GIVEN INFORMATION.
▼

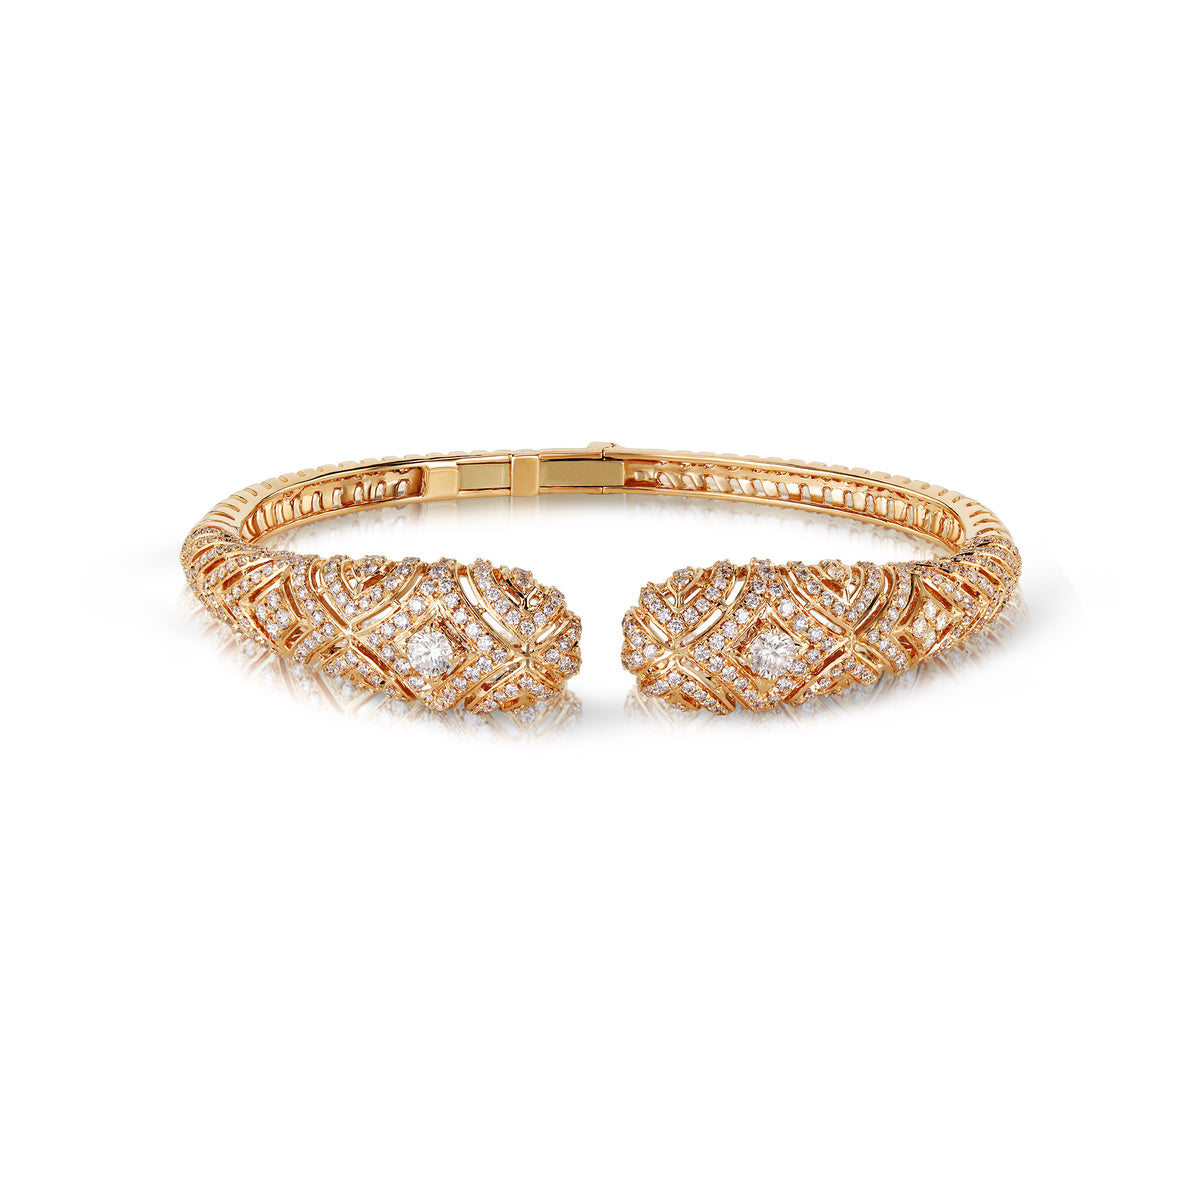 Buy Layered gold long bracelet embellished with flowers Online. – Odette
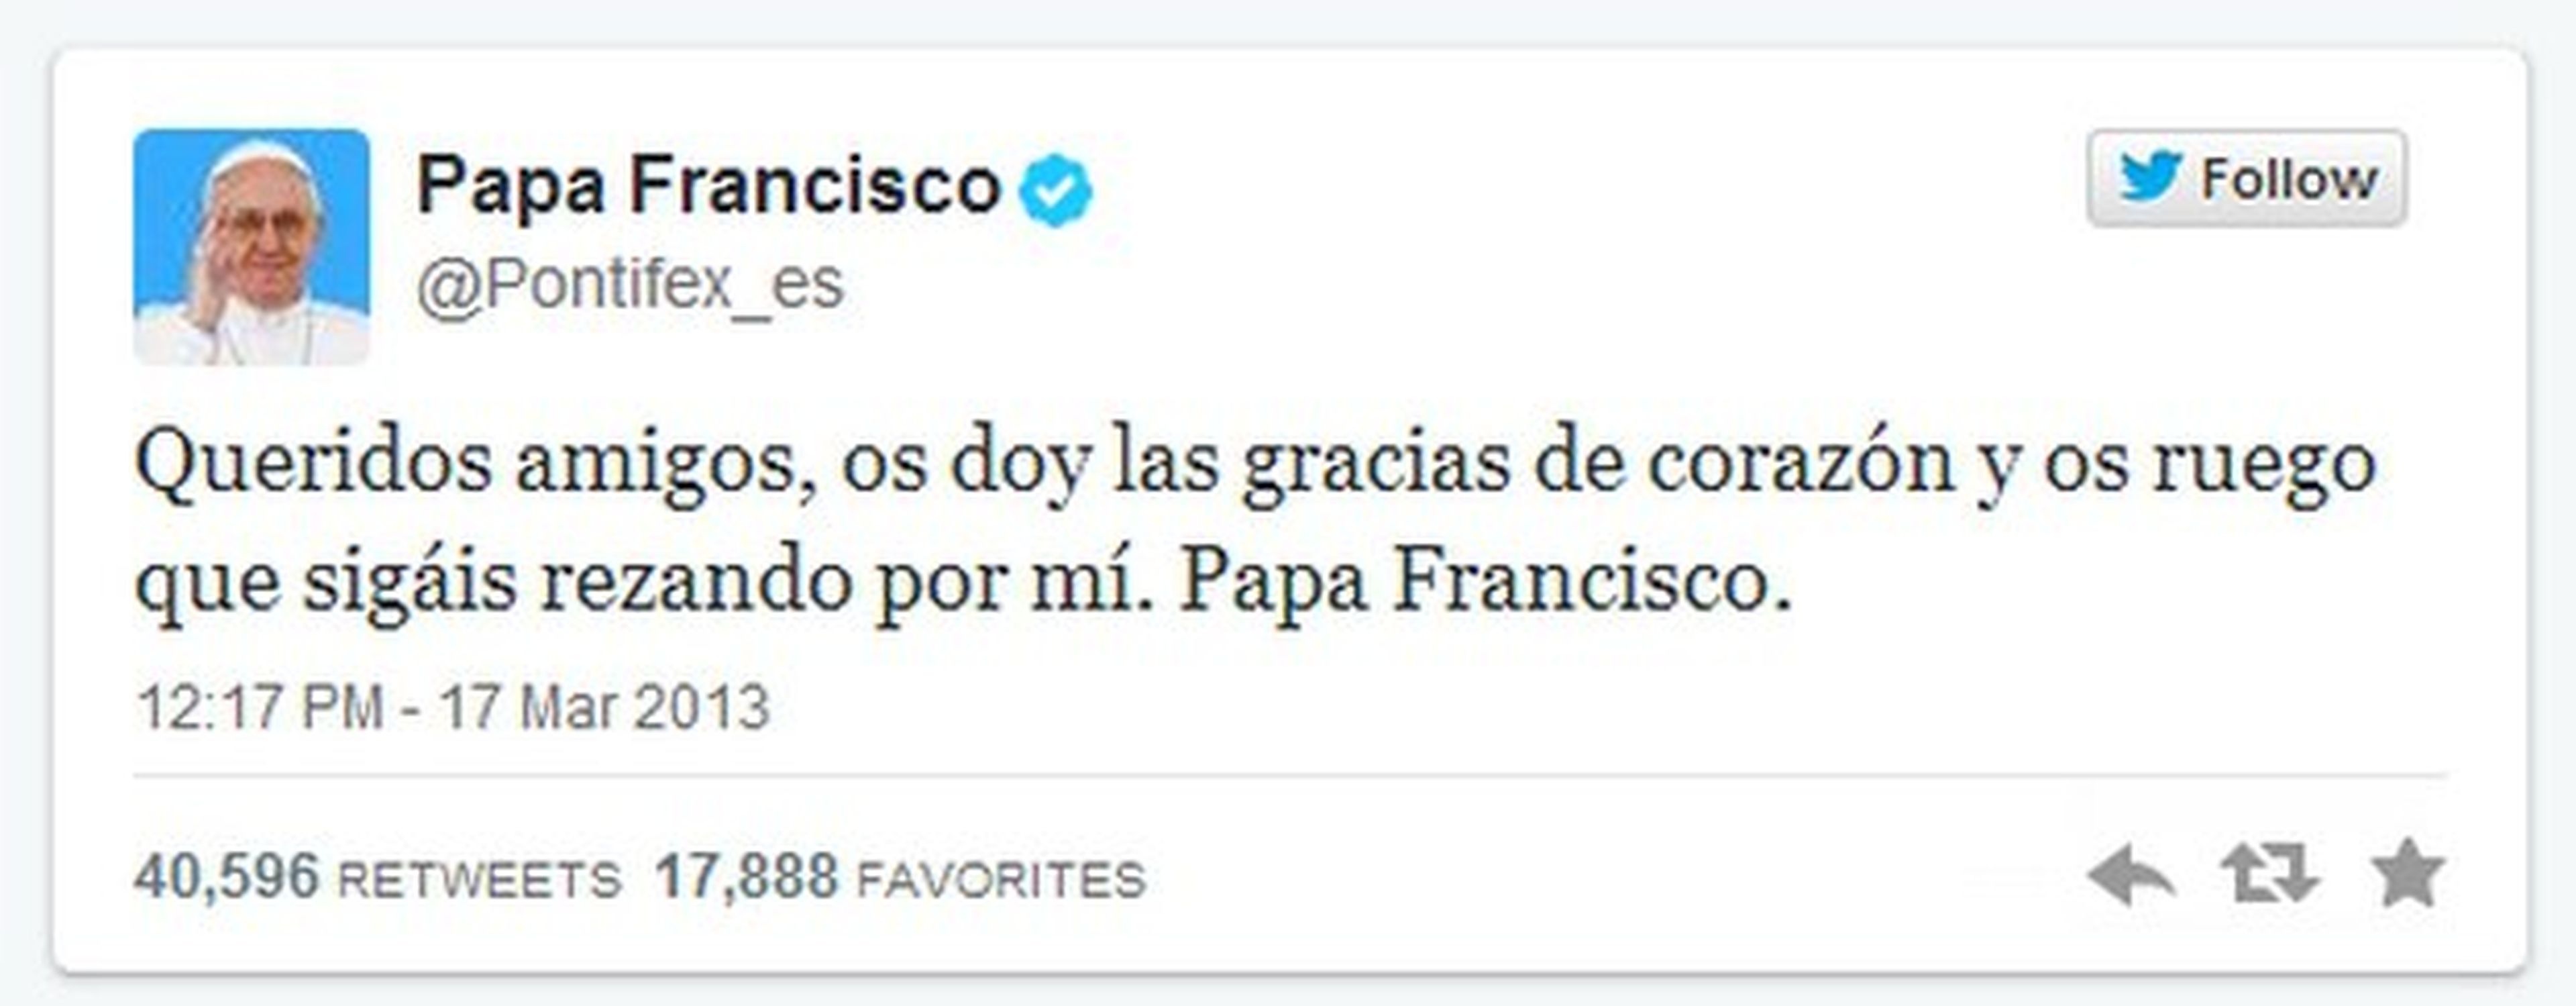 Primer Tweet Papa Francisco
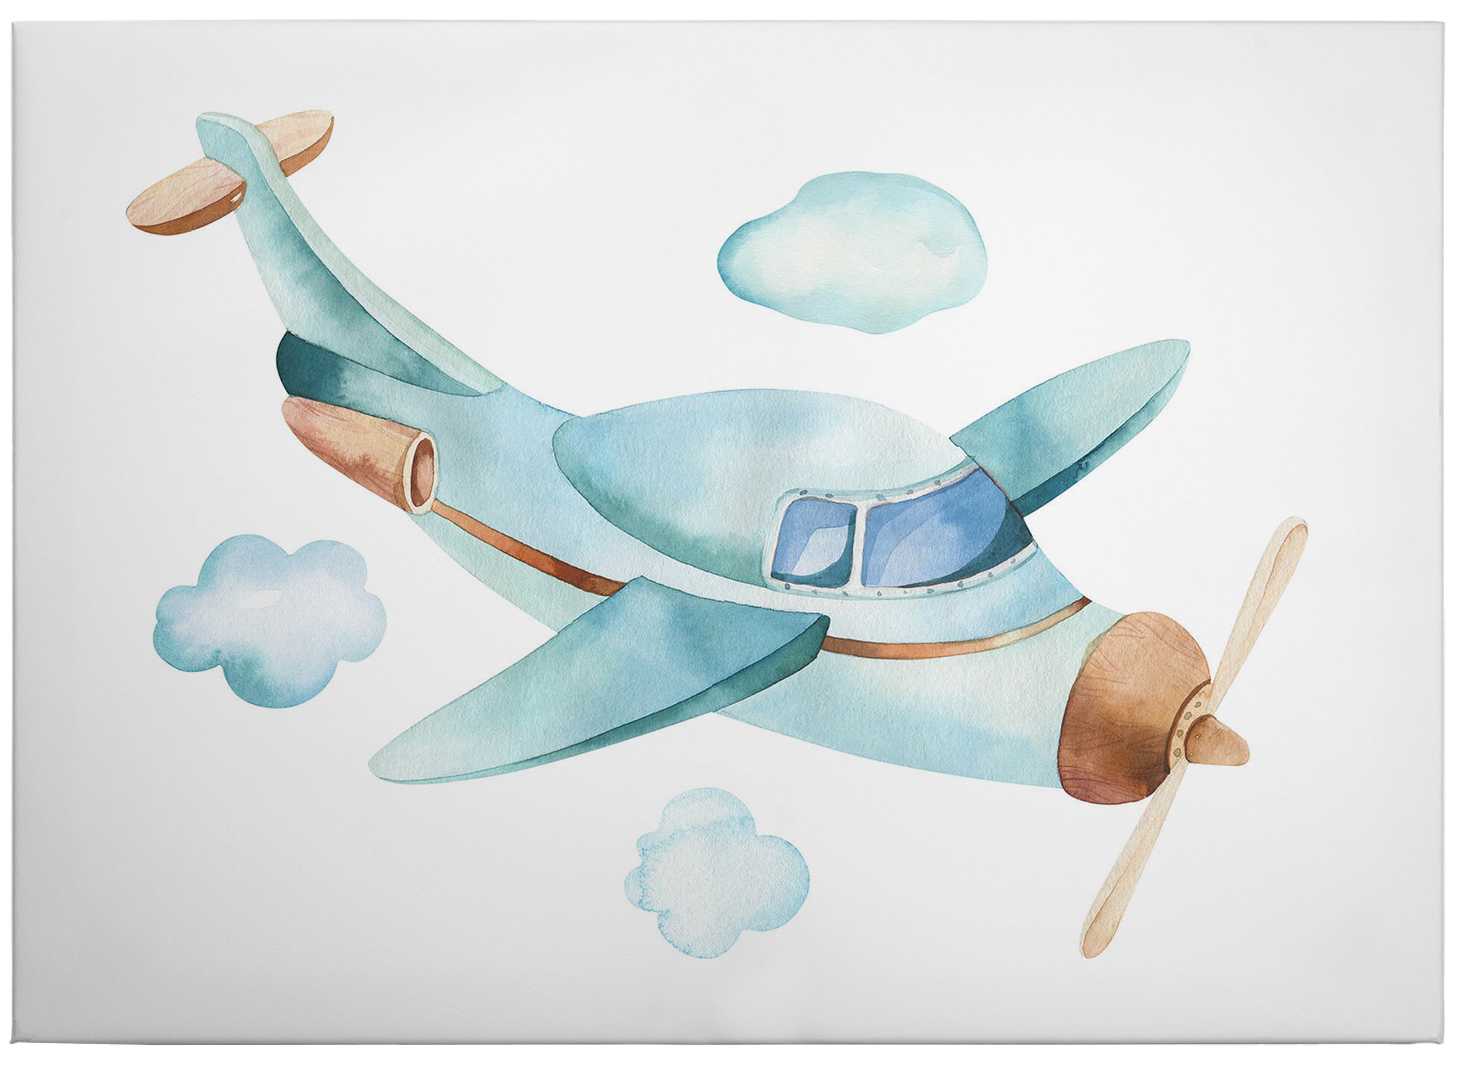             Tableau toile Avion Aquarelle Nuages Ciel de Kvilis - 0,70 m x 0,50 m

▲

The answer is the listing above repeated verbatim, minus its images.

 Buy Layered gold long bracelet embellished with flowers Online. – Odette
 Primer Tweet Papa Francisco
             Tableau toile Avion Aquarelle Nuages Ciel de Kvilis - 0,70 m x 0,50 m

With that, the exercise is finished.